Shaw, George Bernard / Mrs. Patrick Campbell [that is: “Beatrice Rose Stella Tanner”] / Alan Dent (Editor).

Bernard Shaw and Mrs. Patrick Campbell: Their Correspondence.

London, Victor Gollancz Ltd., 1952. Octavo. 339 pages. Original Hardcover with original dustjacket in protective collector’s mylar. Very good condition with only minor signs of wear.

Beatrice Rose Stella Tanner (9 February 1865 – 9 April 1940), better known by her stage name Mrs Patrick Campbell or Mrs Pat, was an English stage actress, best known for appearing in plays by Shakespeare, Shaw and Barrie.

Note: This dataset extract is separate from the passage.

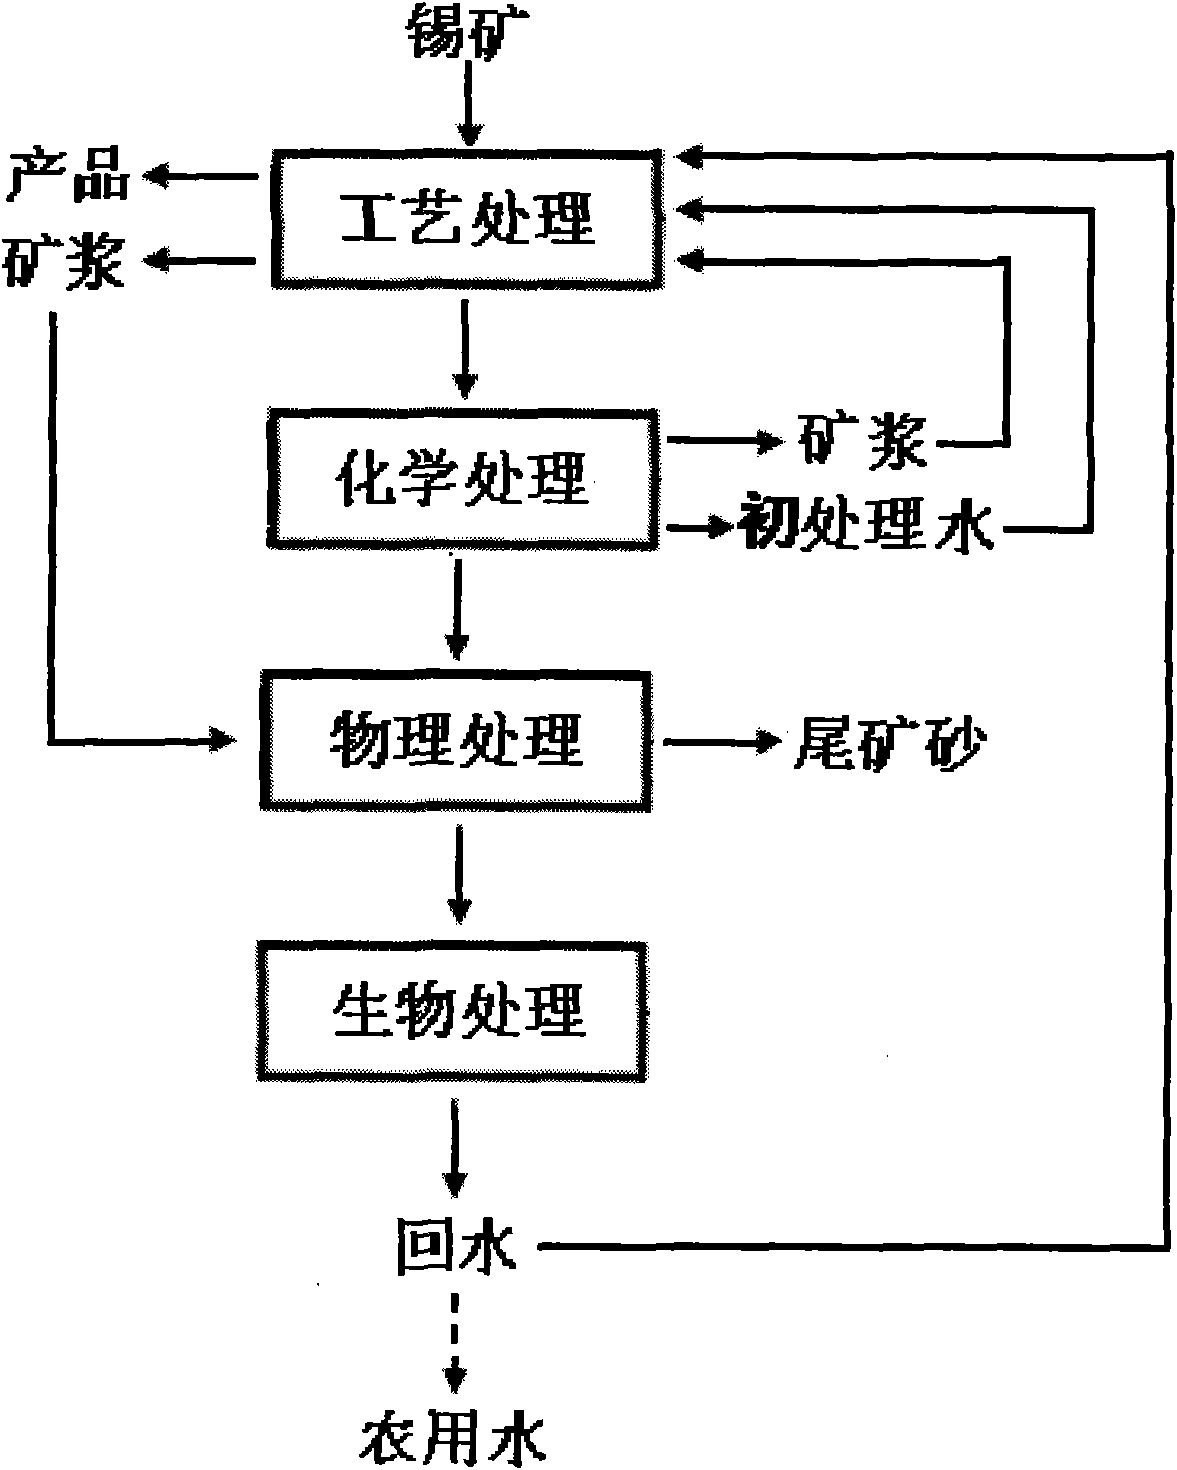 Four-step method for processing and recycling tin ore floatation wastewater
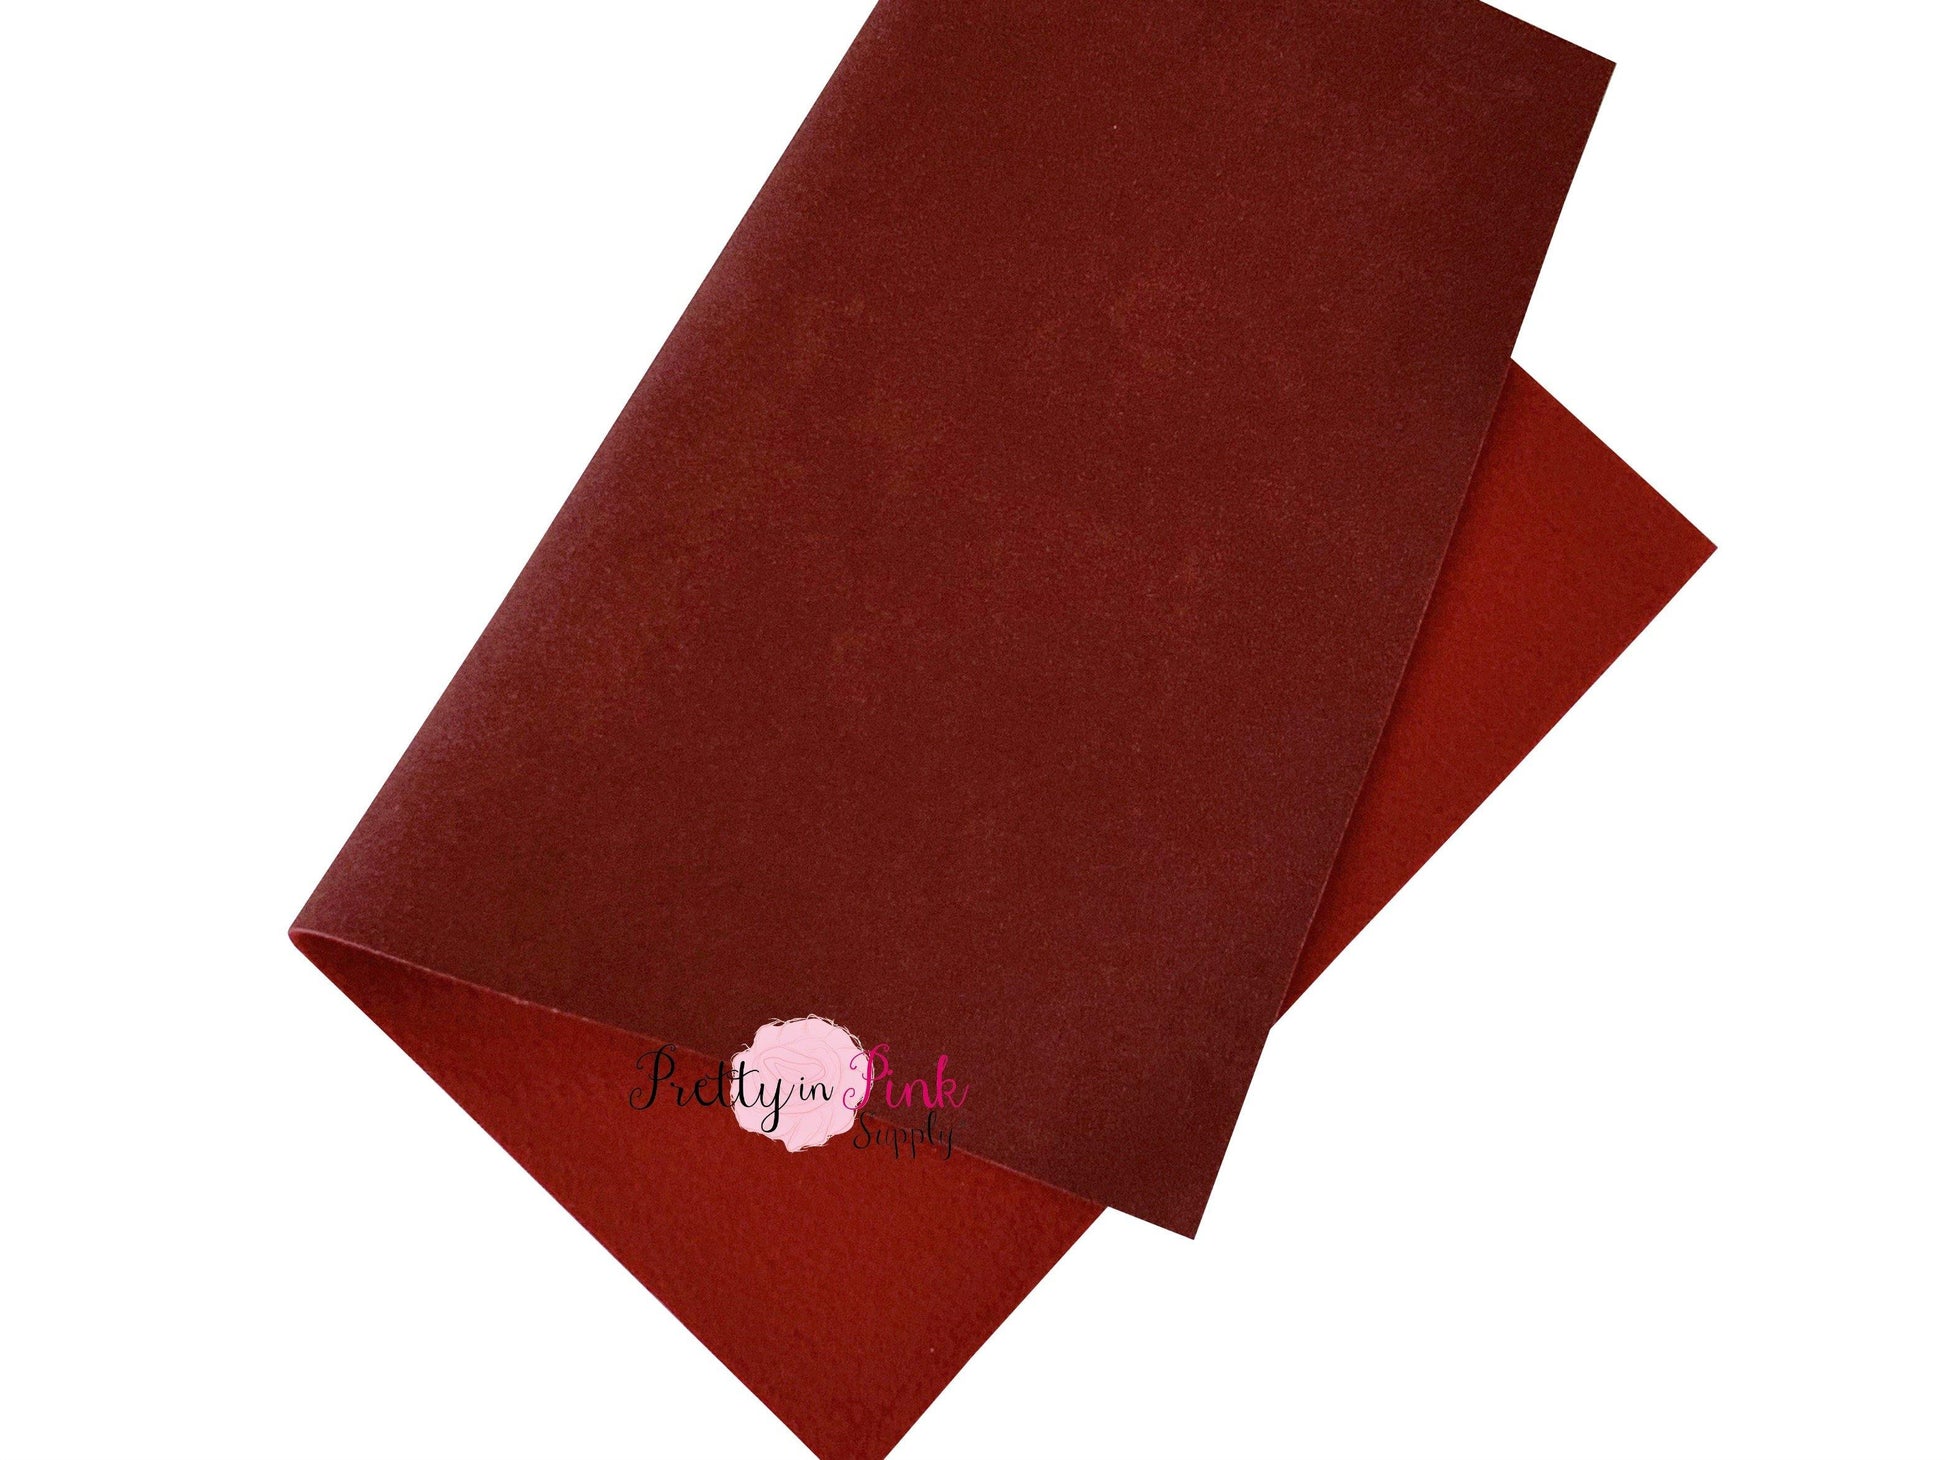 NEW Faux Suede Fabric Sheets - Pretty in Pink Supply

She also toured the United States and appeared briefly in films.
Campbell was born Beatrice Rose Stella Tanner in Kensington, London, to John Tanner (1829–1895), son and heir of a wealthy British Army contractor to the British East India Company, and Maria Luigia Giovanna (″Louisa Joanna”) née Romanini (1836–1908), daughter of Italian Count Angelo Romanini.

Her father John Tanner (1829–1895), a descendant of Thomas Tanner, Bishop of St Asaph, was a Consul and merchant who “managed to get through two large fortunes”, in part through losses in the Indian Mutiny. Her mother, Louisa Joanna Romanini, was one of the eight daughters of Angelo Romanini of Brescia and Rosa née Polinelli of Milan. Angelo had joined the Carbonari and, as a result, had to leave Italy. He and his family travelled over Eastern Europe aided by a firman from the Sultan of Turkey. Six of his eight daughters, all under eighteen, married Englishmen. She studied for a short time at the Guildhall School of Music.

Campbell made her professional stage debut in 1888 at the Alexandra Theatre, Liverpool, four years after her marriage to Patrick Campbell. In March 1890, she appeared in London at the Adelphi, where she afterward played again in 1891–93. She became successful after starring in Sir Arthur Wing Pinero’s play, The Second Mrs Tanqueray, in 1893, at St. James’s Theatre where she also appeared in 1894 in The Masqueraders. As Kate Cloud in John-a-Dreams, produced by Beerbohm Tree at the Haymarket in 1894, she had another success, and again as Agnes in The Notorious Mrs. Ebbsmith at the Garrick (1895).

Among her other performances were those in Fédora (1895), Little Eyolf (1896), and her notable performances with Forbes-Robertson at the Lyceum in London’s West End in the rôles of Juliet in Romeo and Juliet, Ophelia in Hamlet, and Lady Macbeth (1895–98) in Macbeth. Once established as a major star, Campbell assisted in the early careers of some noted actors, such as Gerald Du Maurier and George Arliss.

In 1900, “Mrs Pat”, having become her own manager/director, made her debut performance on Broadway in New York City in Heimat by Hermann Sudermann, a marked success. Subsequent appearances in New York and on tour in the U.S. established her as a major theatrical presence there. Campbell would regularly perform on the New York stage until 1933. Other performances included roles in The Joy of Living (1902), Pelléas et Mélisande (1904; as Melisande to the Pelleas of her friend Sarah Bernhardt), Hedda Gabler (1907), Electra (1908), The Thunderbolt (1908), and Bella Donna (1911).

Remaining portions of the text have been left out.